INFORMATION SHOWN
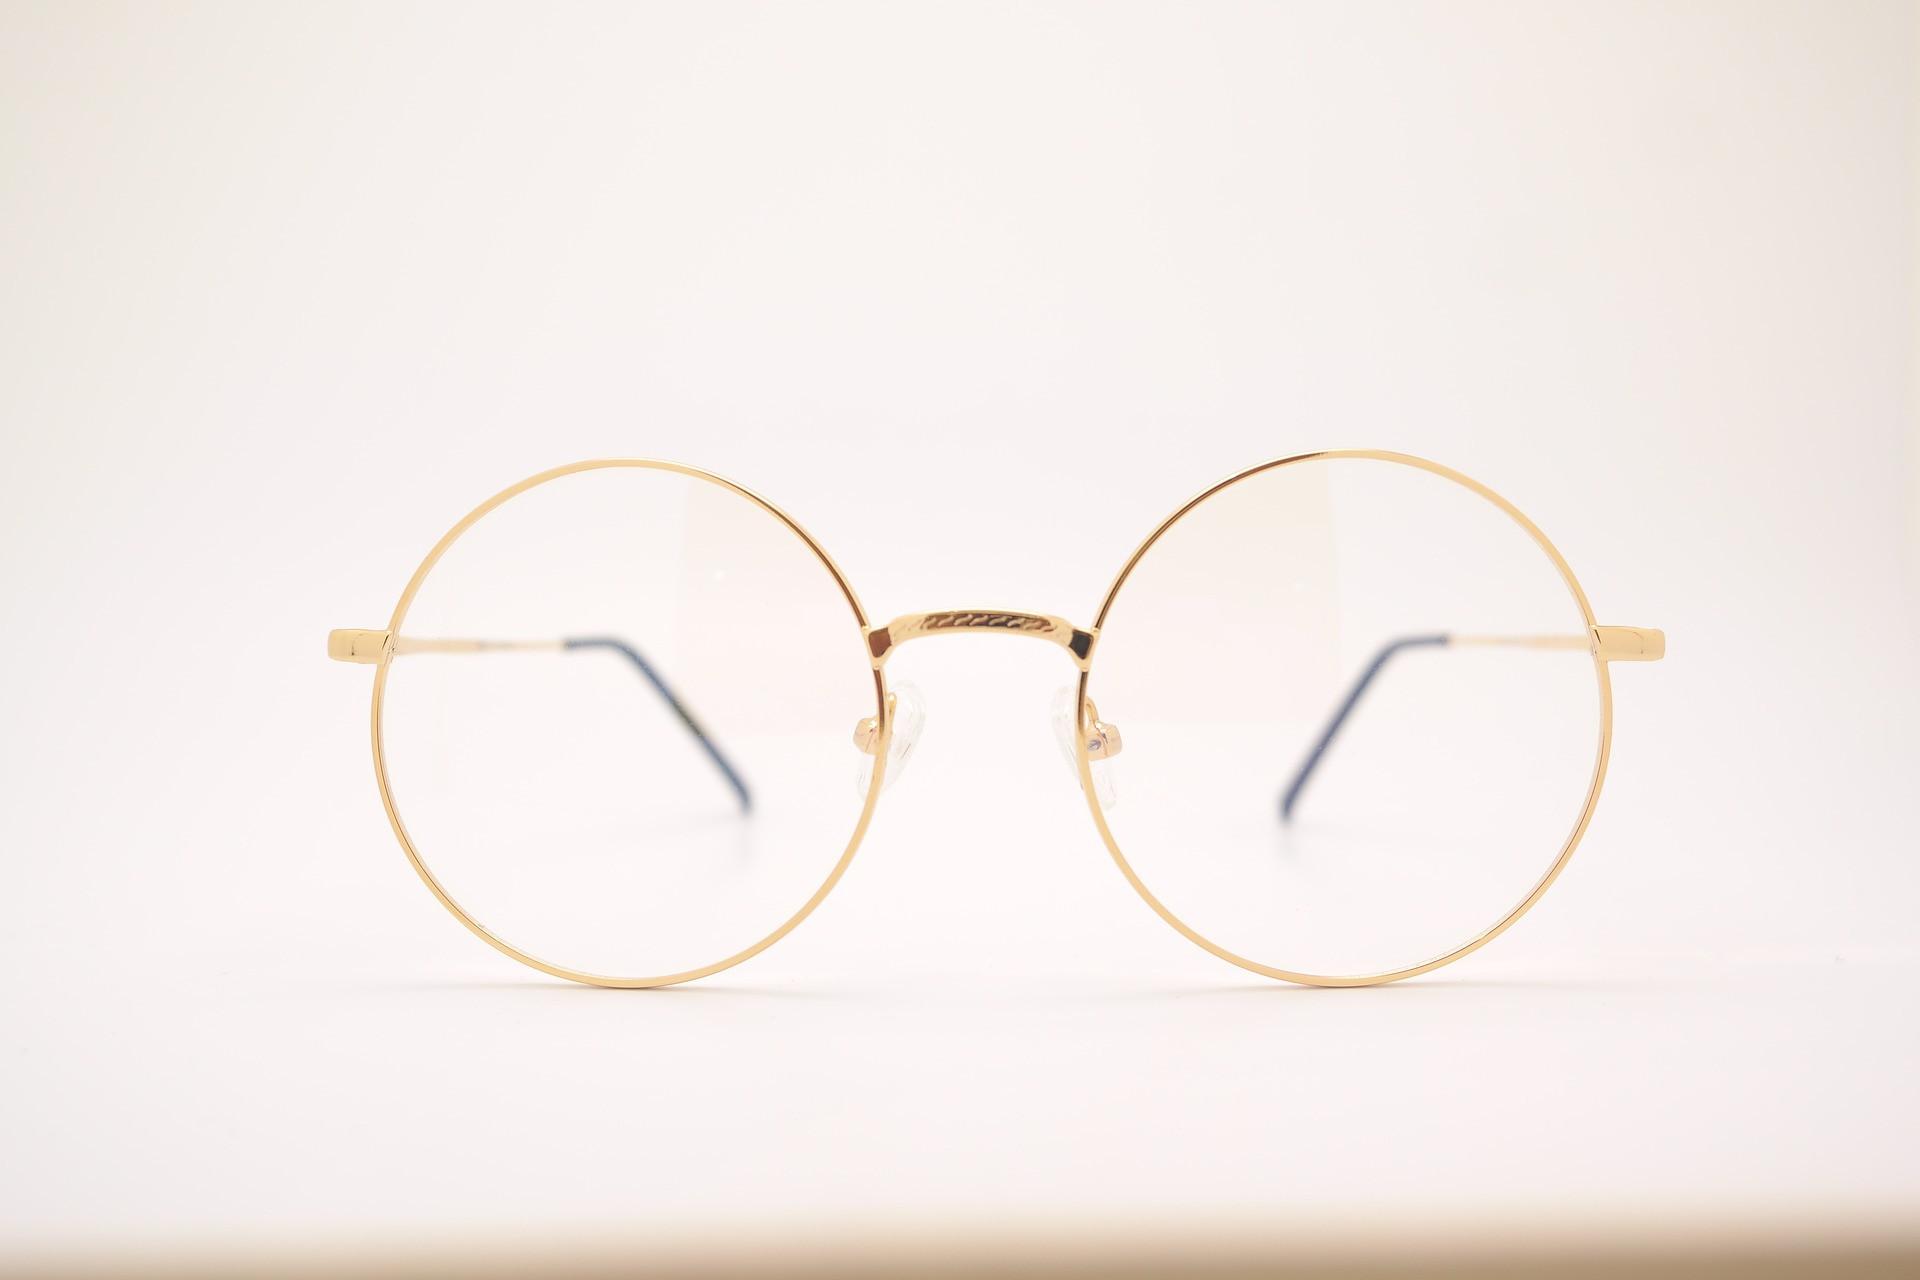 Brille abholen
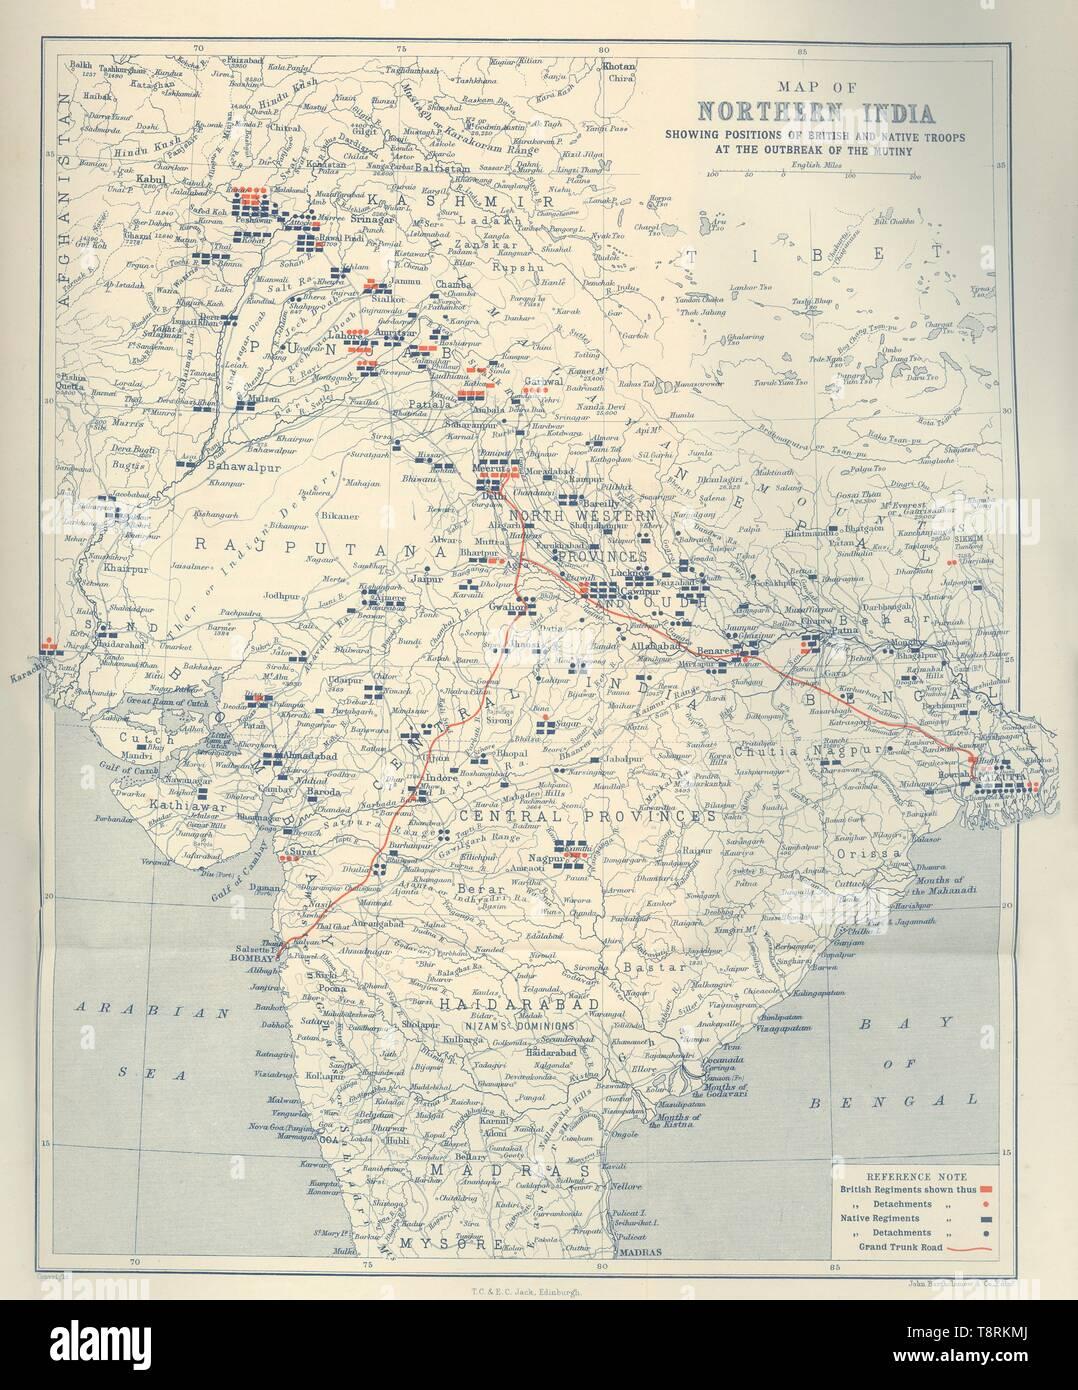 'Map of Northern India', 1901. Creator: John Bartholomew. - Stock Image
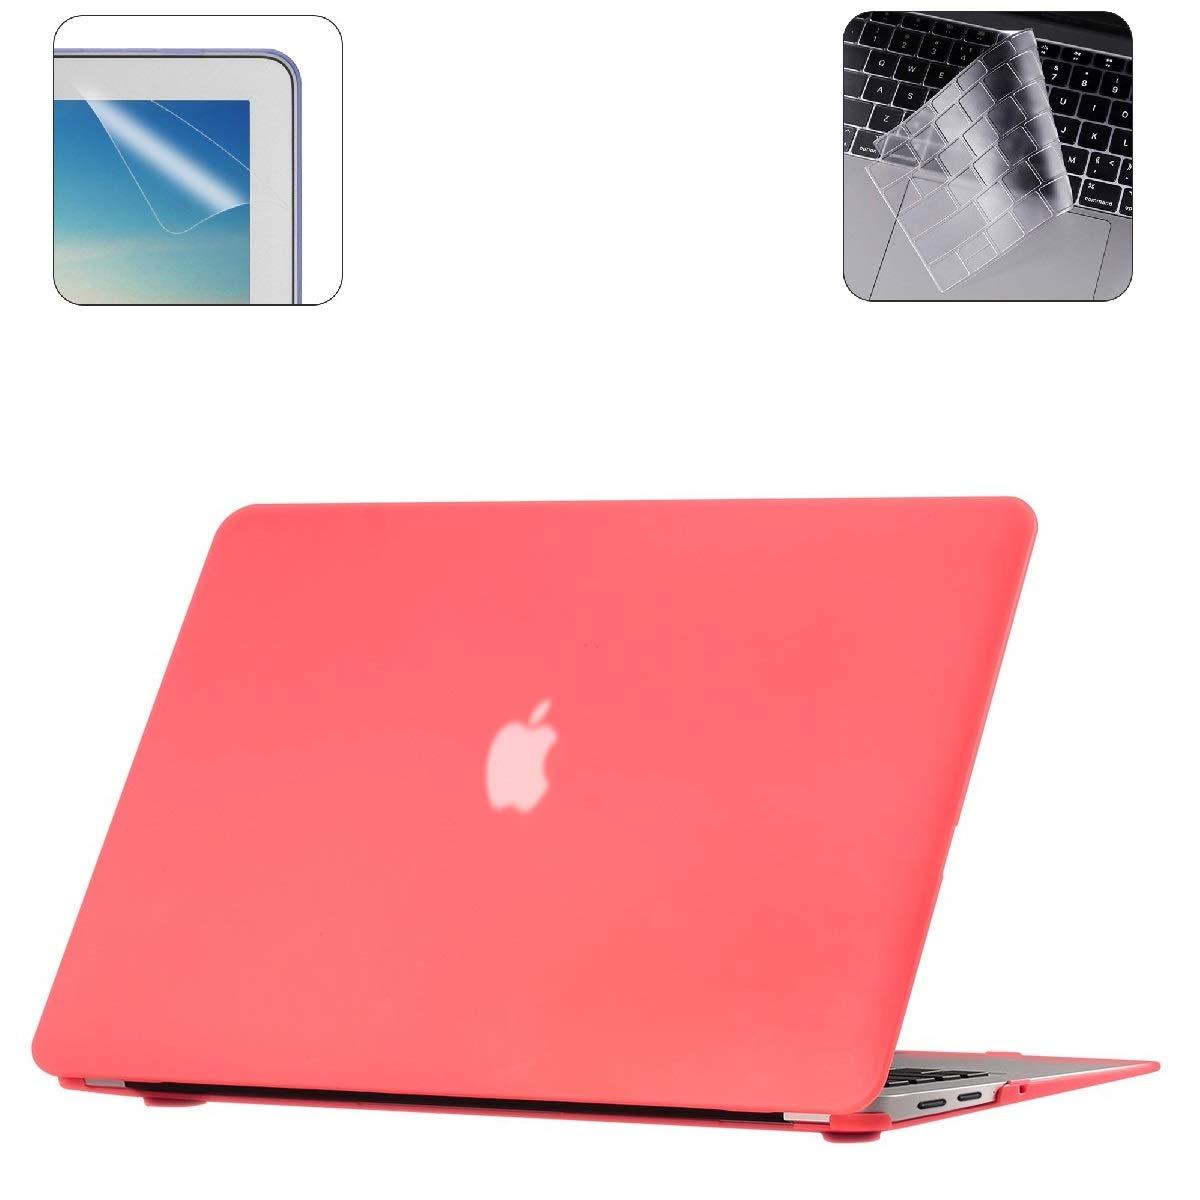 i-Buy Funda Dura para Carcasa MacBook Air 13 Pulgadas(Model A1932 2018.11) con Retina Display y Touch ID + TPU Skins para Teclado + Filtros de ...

ACTION ITEM
Reproduce the listing verbatim, pictures excluded.

TASK RESULT
 Brille abholen
 'Map of Northern India', 1901. Creator: John Bartholomew. - Stock Image
 i-Buy Funda Dura para Carcasa MacBook Air 13 Pulgadas(Model A1932 2018.11) con Retina Display y Touch ID + TPU Skins para Teclado + Filtros de ...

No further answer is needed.